Great! I have trained our classifier for Swahili social media sentiments, and now it's time to evaluate the performance of our model.

print("Classification Report")
print("\t", "_" * 45, "\n" * 2)
print(
    classification_report(
        y_test,
        model.predict(x_test),
        target_names=["Negative", "Neutral","Positive"]
        )
    )

With the classification report, the performance is not very good, our model has a 60% accuracy

Results Interpretability

It's time to understand the cause of the decision of our classifier, we should bring LIME to help us in the interpretation of each prediction of our model, for understanding let me opt to filter out three kinds of prediction(negative, neutral, and positive).

The higher the interpretability of a machine learning model, the easier it is for someone to comprehend why certain decisions or predictions have been made. A model is better interpretable than another model if its decisions are easier for a human to comprehend than decisions from the other model.

I should consider predicting probabilities with a LogisticRegression classifier instead of 0 or 1 simply because LIME requires a model that produces probability scores for each prediction to explain the decision's cause.

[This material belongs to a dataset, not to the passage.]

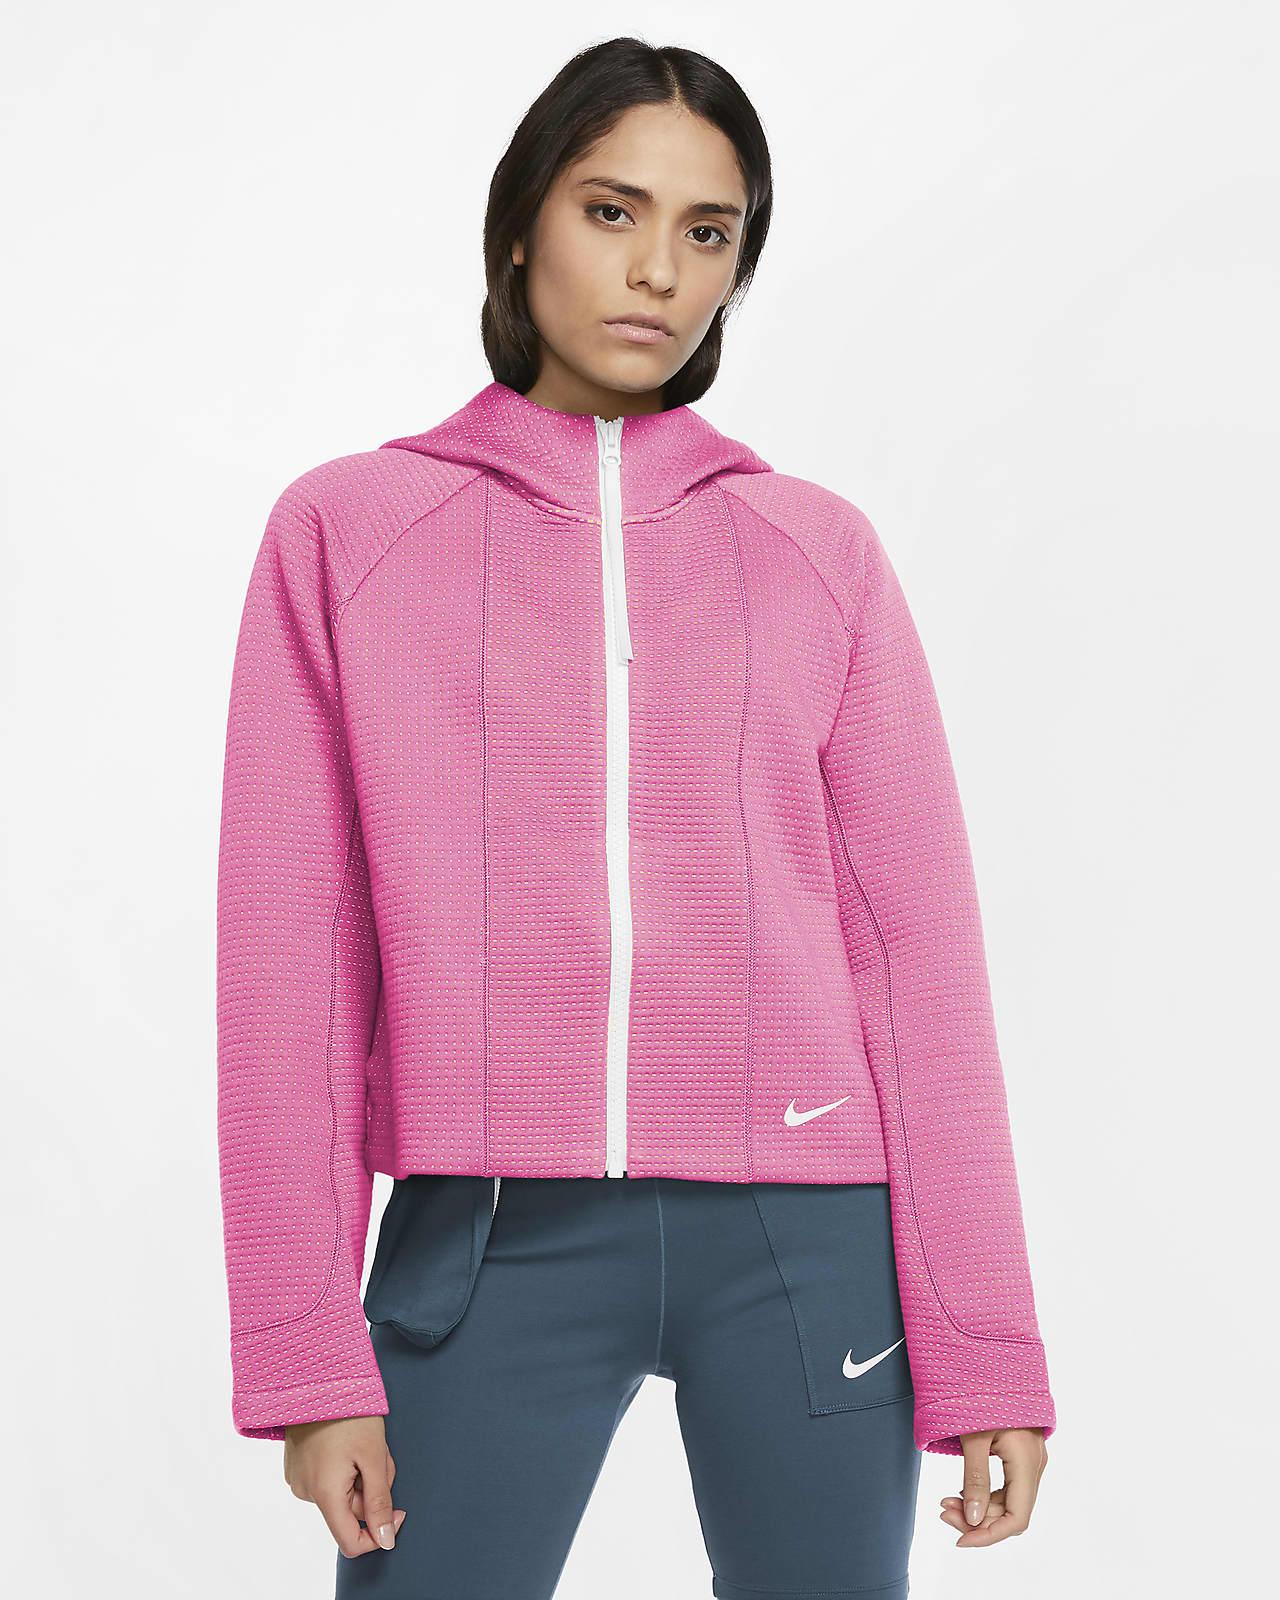 Nike Sportswear Tech Fleece speciális, hosszú cipzáras, kapucnis női pulóver
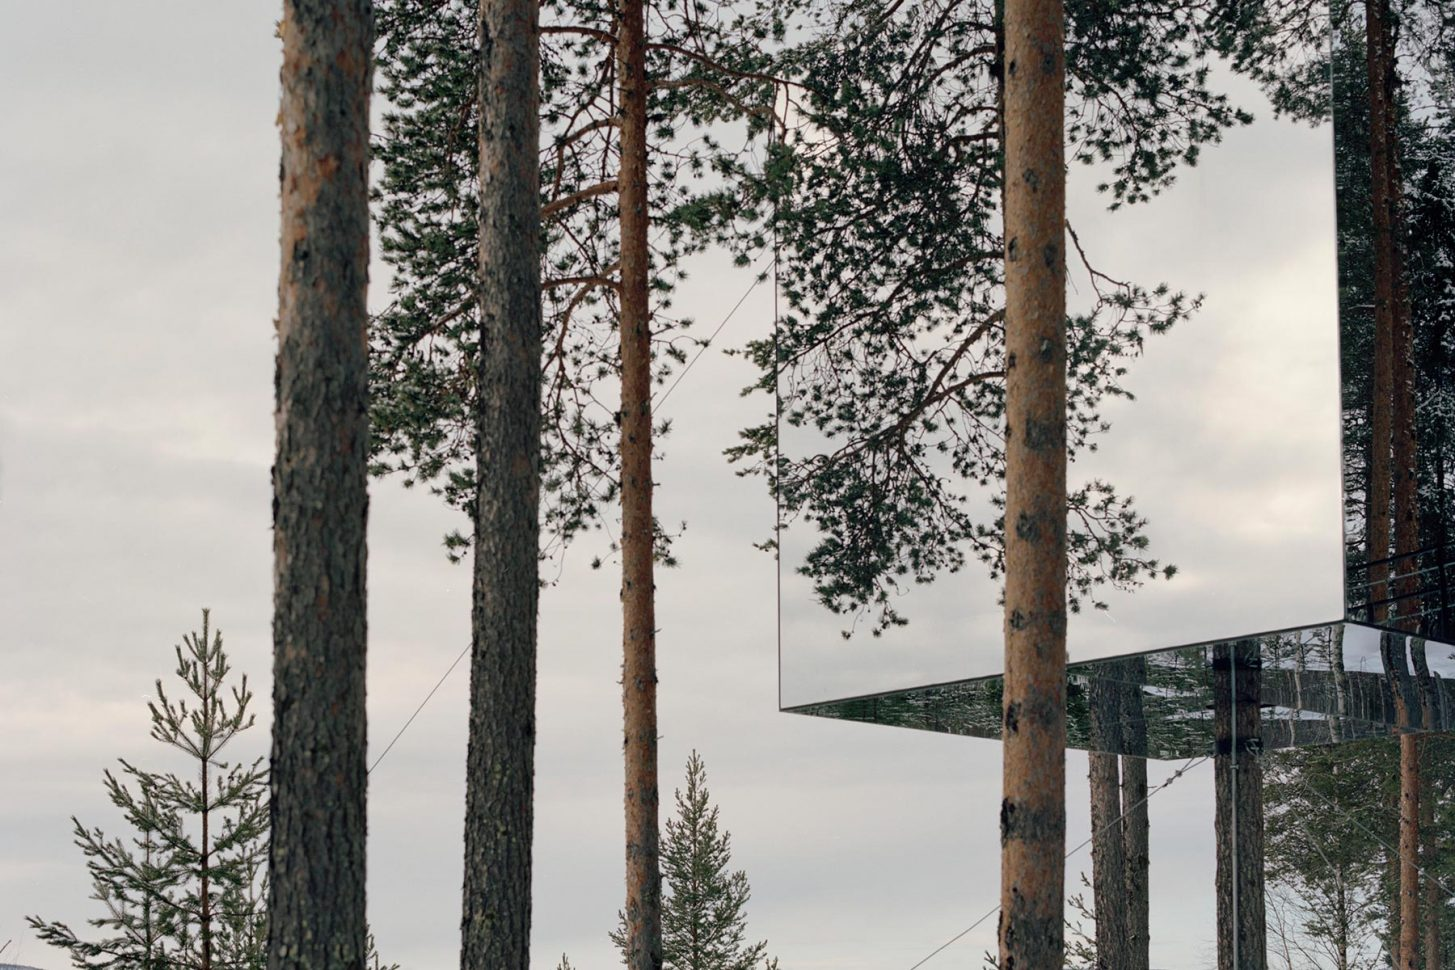 Tree-house-landscape4-1455x970.jpg

Here we go, the above observation shows that the probability of a positive class is higher(0.47) compared to other classes, and the cause of decision by words serikali, mwisho and vyema way back in our previous visualization of top frequent words for the positive class to conclude the classifier decision.

The above observation shows that the probability of a neutral class is higher(0.72) compared to the other two classes, and the cause of the decision comes from words walimu, walikuwa, and mwanzoni .

The above observation shows that both of the three classes weigh comparable but due to the high weighting of the word polisi the tweet predicted a negative class.

How companies can benefit from customer sentiment analysis?

Sentiment analysis can help to understand the potential of customers to see an overview of what’s good, and what’s lacking. This can help to improve the strategy of marketing and operations based on customer sentiments.

The power of deep insights from sentiment can help capture what specifically people don’t like about the service, product, or policy and after the business has taken steps to fix the issue, or improve a process, also can track how that has improved customer satisfaction. Insights from customer sentiments can also differentiate between feedback that is frequent and feedback that influences satisfaction scores.

Final thoughts

Understanding the cause of the decision of individual predictions from classifiers is important for data professionals. Having explanations lets you make an informed decision about how much you trust the prediction or the model as a whole, and provides insights that can be used to improve the model.

The complete code used in this article can be found on the GitHub repository.